Data segment:

————————

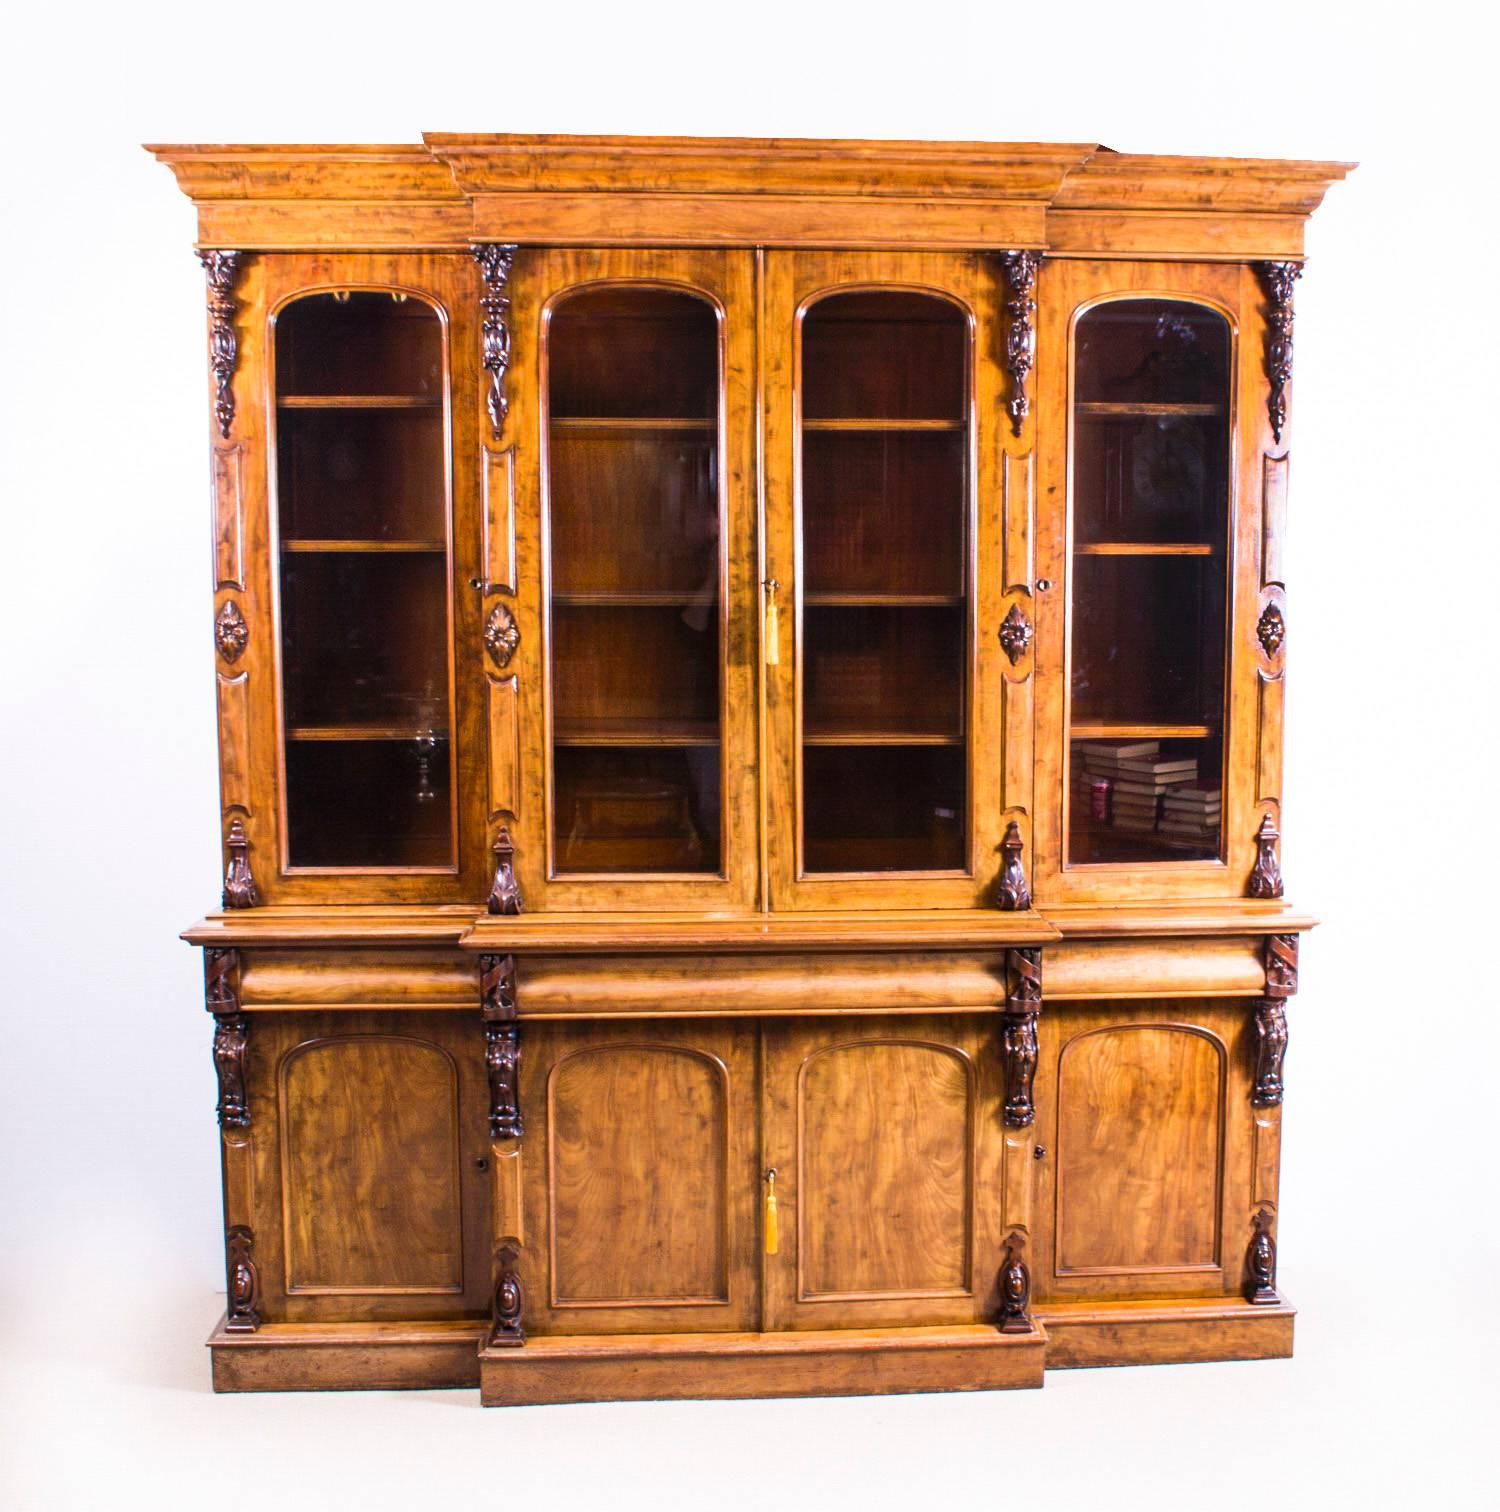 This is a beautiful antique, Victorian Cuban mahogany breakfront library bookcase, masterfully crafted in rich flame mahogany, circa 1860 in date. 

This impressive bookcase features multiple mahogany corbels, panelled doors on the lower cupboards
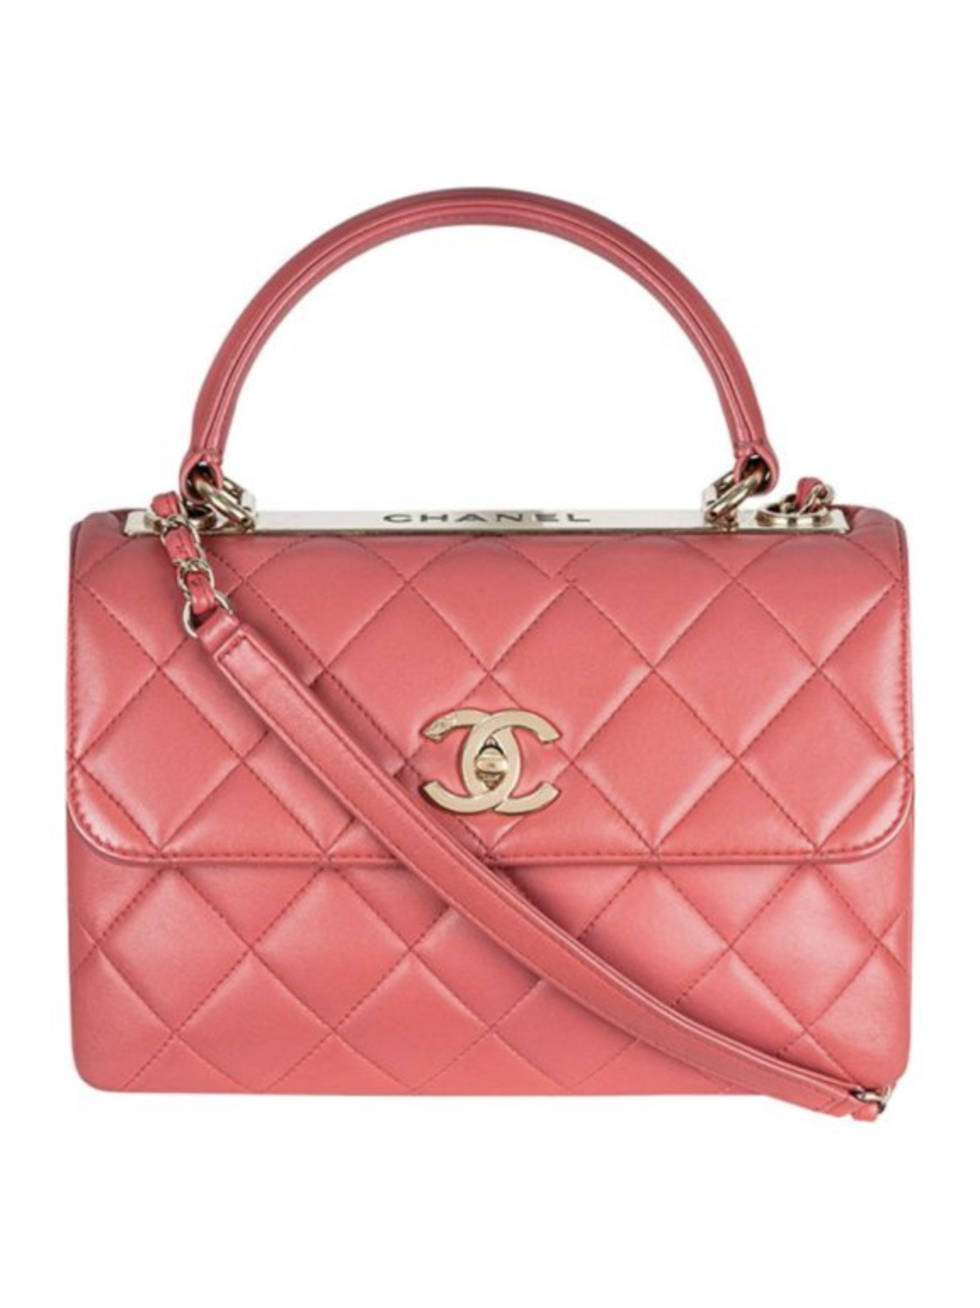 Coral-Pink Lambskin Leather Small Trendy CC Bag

————————

Directions for this task:
Leaving the pictures aside, transcribe only the lines from the one containing "This impressive bookcase" to the final line of the listing above, inclusive, exactly as they appear.

Answer section:
This impressive bookcase features multiple mahogany corbels, panelled doors on the lower cupboards
 Coral-Pink Lambskin Leather Small Trendy CC Bag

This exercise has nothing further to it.